■ Input for this task:
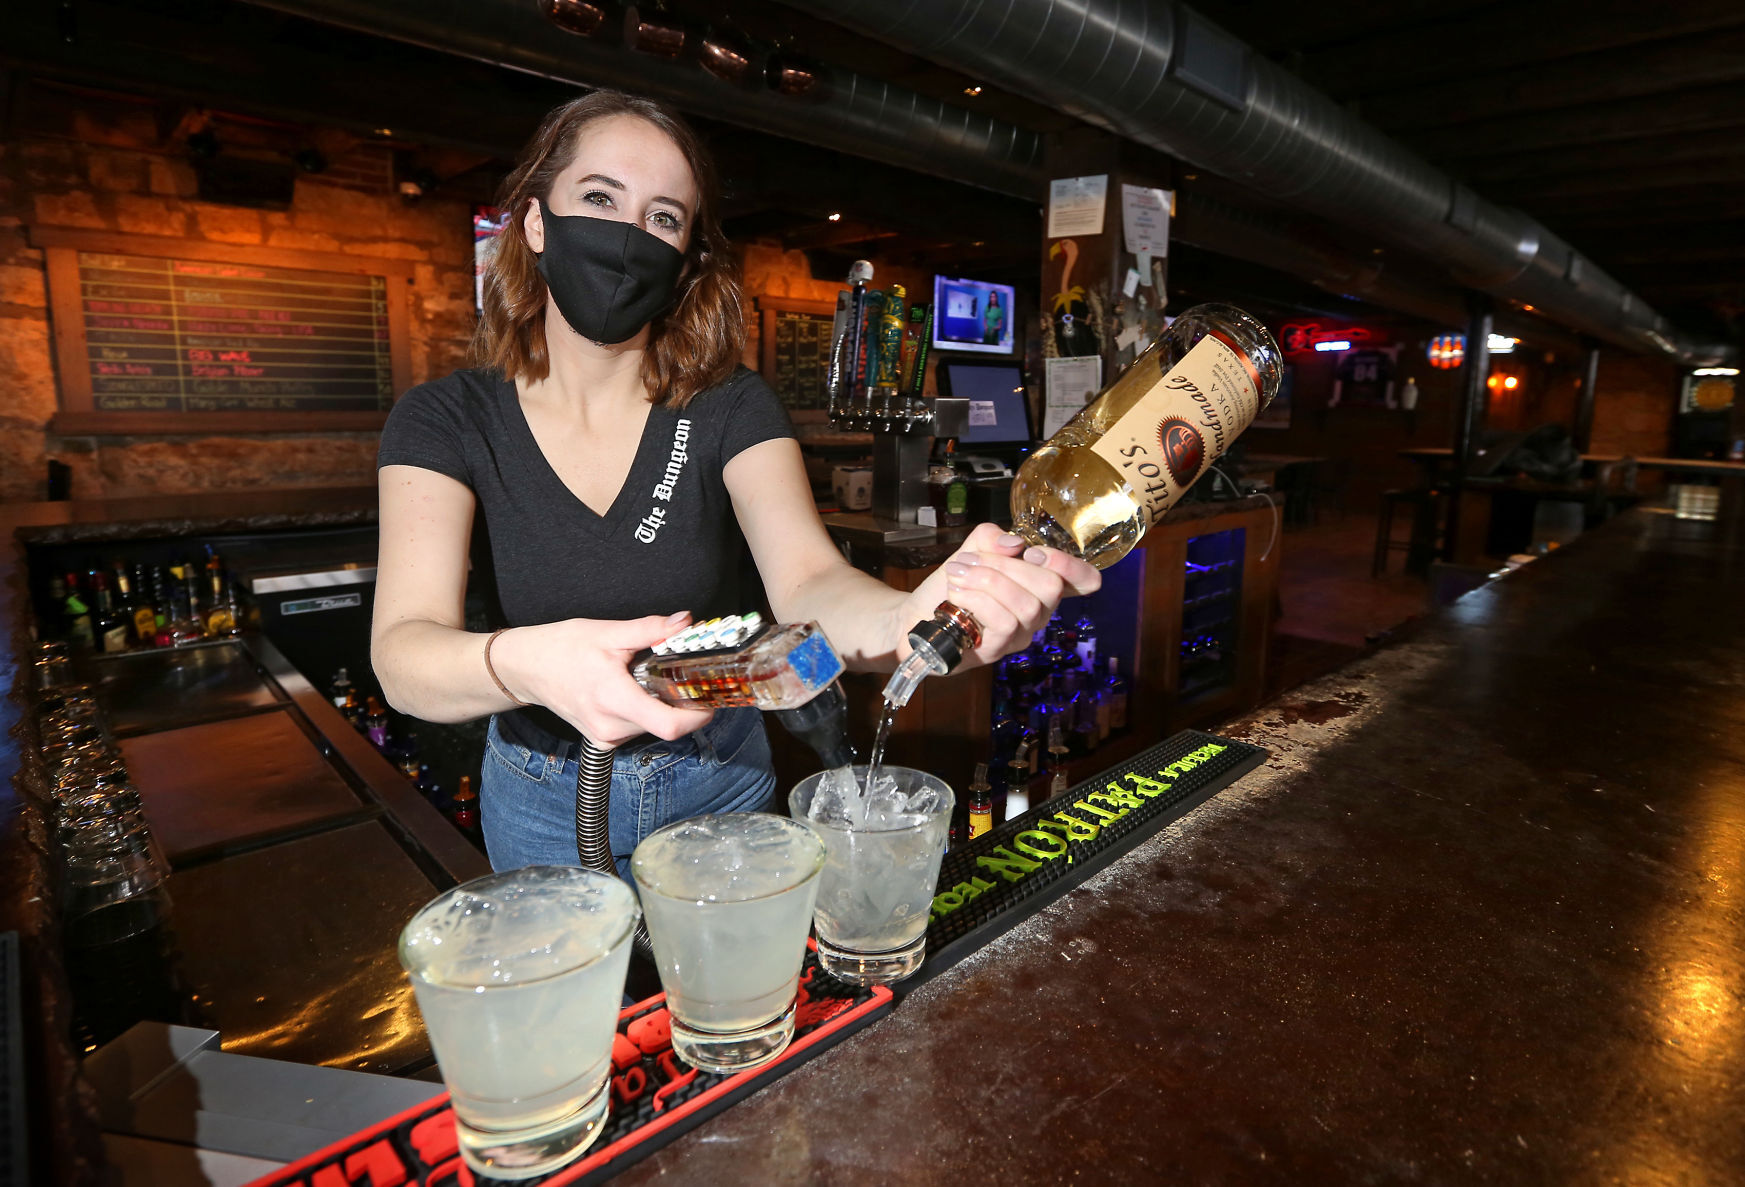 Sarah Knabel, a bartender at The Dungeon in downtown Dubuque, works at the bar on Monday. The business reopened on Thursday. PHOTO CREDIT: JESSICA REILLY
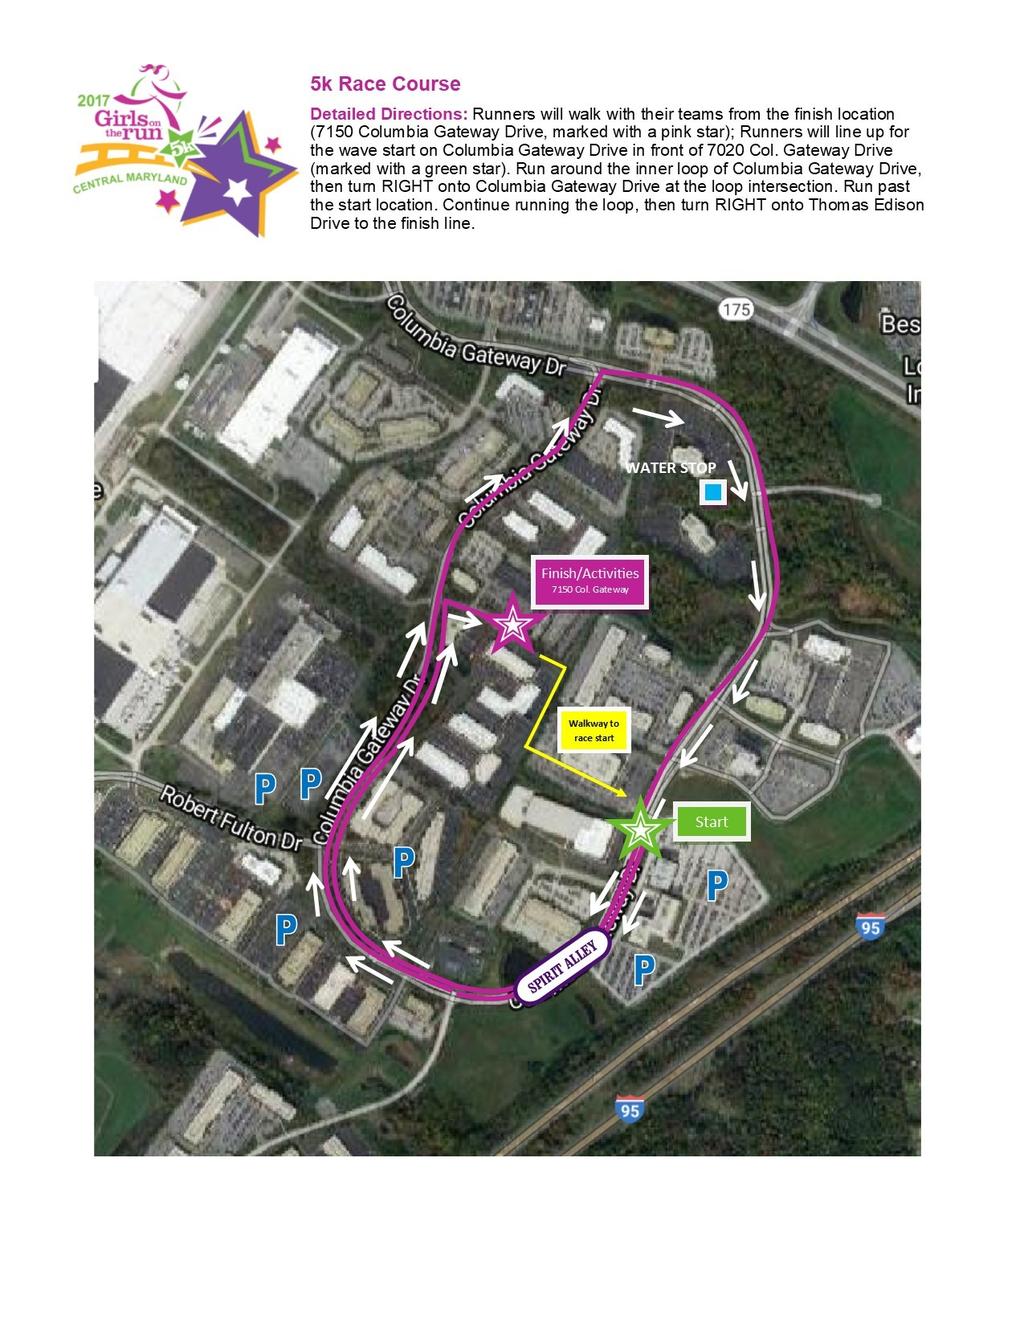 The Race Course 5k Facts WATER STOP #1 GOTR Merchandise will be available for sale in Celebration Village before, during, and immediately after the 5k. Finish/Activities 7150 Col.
==
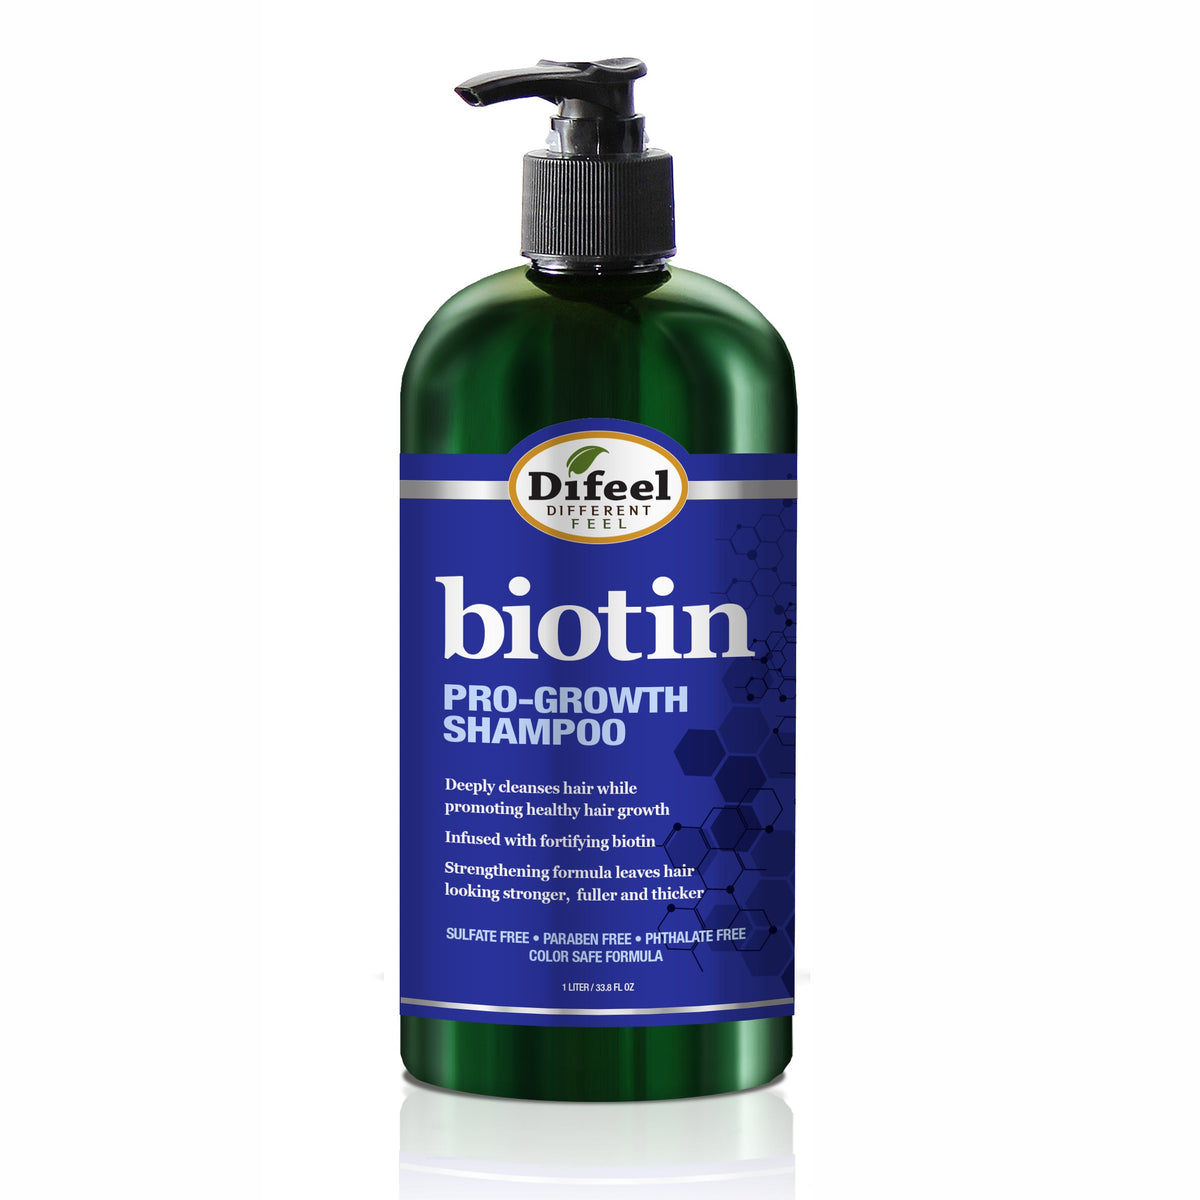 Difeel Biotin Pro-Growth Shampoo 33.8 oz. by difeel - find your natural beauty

■ Work to be completed:
In the listing above, find the line containing "Sarah Knabel, a" and the line containing "The Race Course". Reproduce those lines and all between them exactly, with no pictures and nothing more.

■ Output of the task:
 Sarah Knabel, a bartender at The Dungeon in downtown Dubuque, works at the bar on Monday. The business reopened on Thursday. PHOTO CREDIT: JESSICA REILLY
 The Race Course 5k Facts WATER STOP #1 GOTR Merchandise will be available for sale in Celebration Village before, during, and immediately after the 5k. Finish/Activities 7150 Col.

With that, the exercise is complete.